[PATCH 1/9] exec_path 1/9: introduce ->exec_path and switch /proc/*/exe

Matt Helsley matthltc at us.ibm.com
Thu Jun 4 00:55:32 PDT 2009


On Thu, Jun 04, 2009 at 03:04:22AM +0400, Alexey Dobriyan wrote:
> On Sun, May 31, 2009 at 03:19:53PM -0700, Andrew Morton wrote:
> > On Mon, 1 Jun 2009 01:54:27 +0400 Alexey Dobriyan <adobriyan at gmail.com> wrote:
> > 
> > > And BTW, there is something unnatural when executable path is attached
> > > to mm_struct(!) not task_struct,
> > 
> > mm_struct is the central object for a heavyweight process.  All threads
> > within that process share the same executable path (don't they?) so
> > attaching the executable path to the mm seems OK to me.
> 
> OK, let's try this:
> 
> 
> [PATCH 1/9] exec_path 1/9: introduce ->exec_path and switch /proc/*/exe
> 
> ->exec_path marks executable which is associated with running task.
> Binfmt loader decides which executable is such and can, in theory,
> assign anything.
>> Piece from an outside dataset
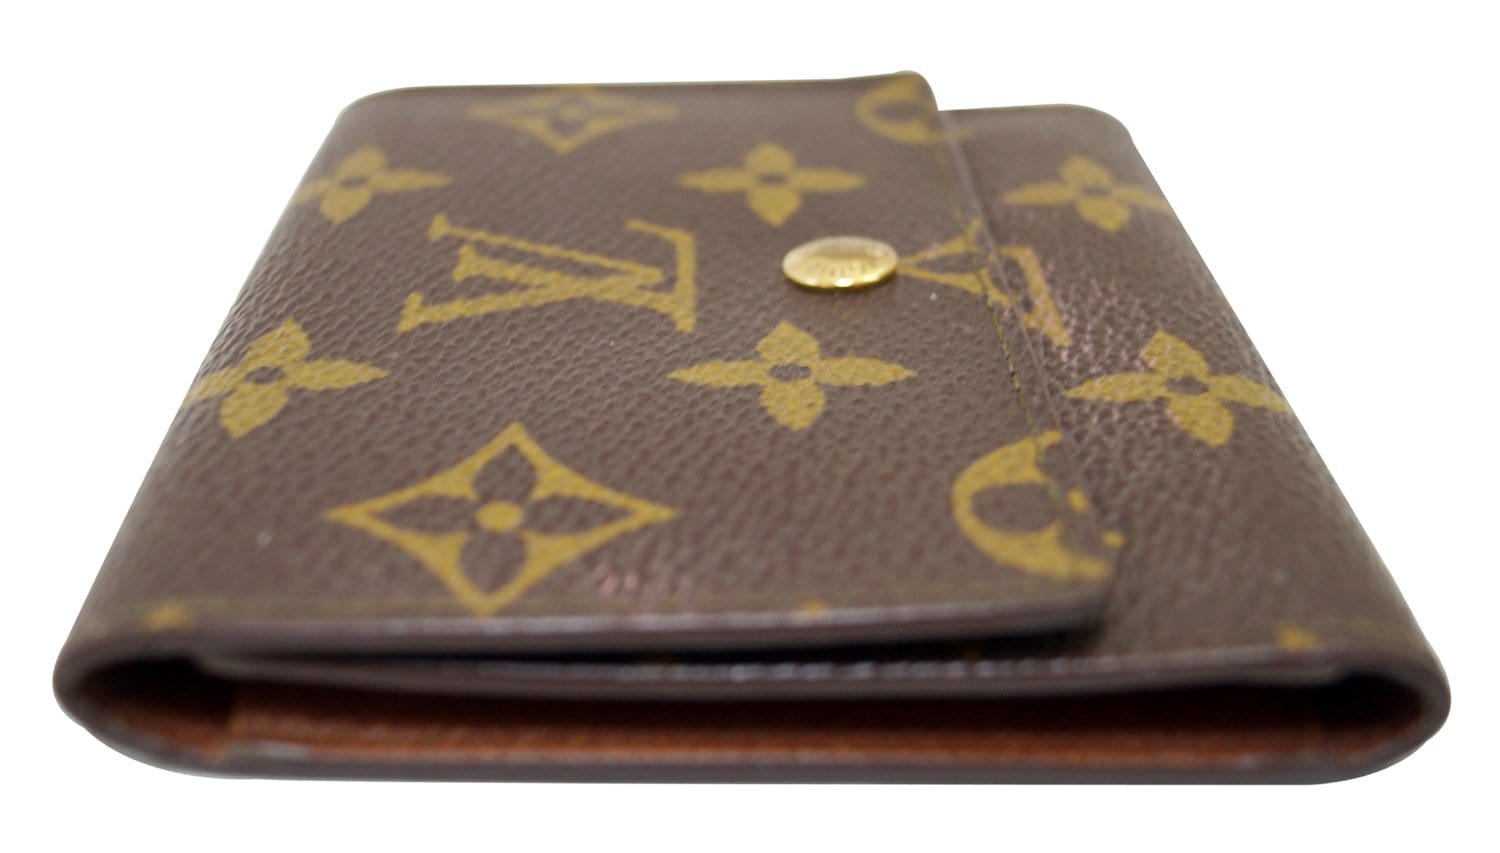 Authentic Louis Vuitton Trifold Monogram Wallet

Unlike current status quo when first VM_EXECUTABLE mapping is
> sort of marks running executable.
> 
> If executable unmaps its all VM_EXECUTABLE mappings, /proc/*/exe ceases
> to exists, ick! And userpsace can't even use MAP_EXECUTABLE.
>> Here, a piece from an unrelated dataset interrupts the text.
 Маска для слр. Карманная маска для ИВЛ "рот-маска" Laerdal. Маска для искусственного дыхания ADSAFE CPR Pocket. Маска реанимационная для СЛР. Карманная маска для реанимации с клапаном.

Suprising but intentional and unavoidable. More below..

> 
> Tasks which aren't created by running clone(2) and execve(2)
> (read: kernel threads) get empty ->exec_path and
> 
> ->exec_path is copied on clone(2) and put at do_exit() time.

Doesn't this pin the vfs mount of the executable for the lifetime of
the task?
 
That was one of Al Viro's objections to early revisions of the exe_file
patches. It's the reason the exe_file patches kept track of the number of
VM_EXECUTABLE mappings with num_exe_file_vmas.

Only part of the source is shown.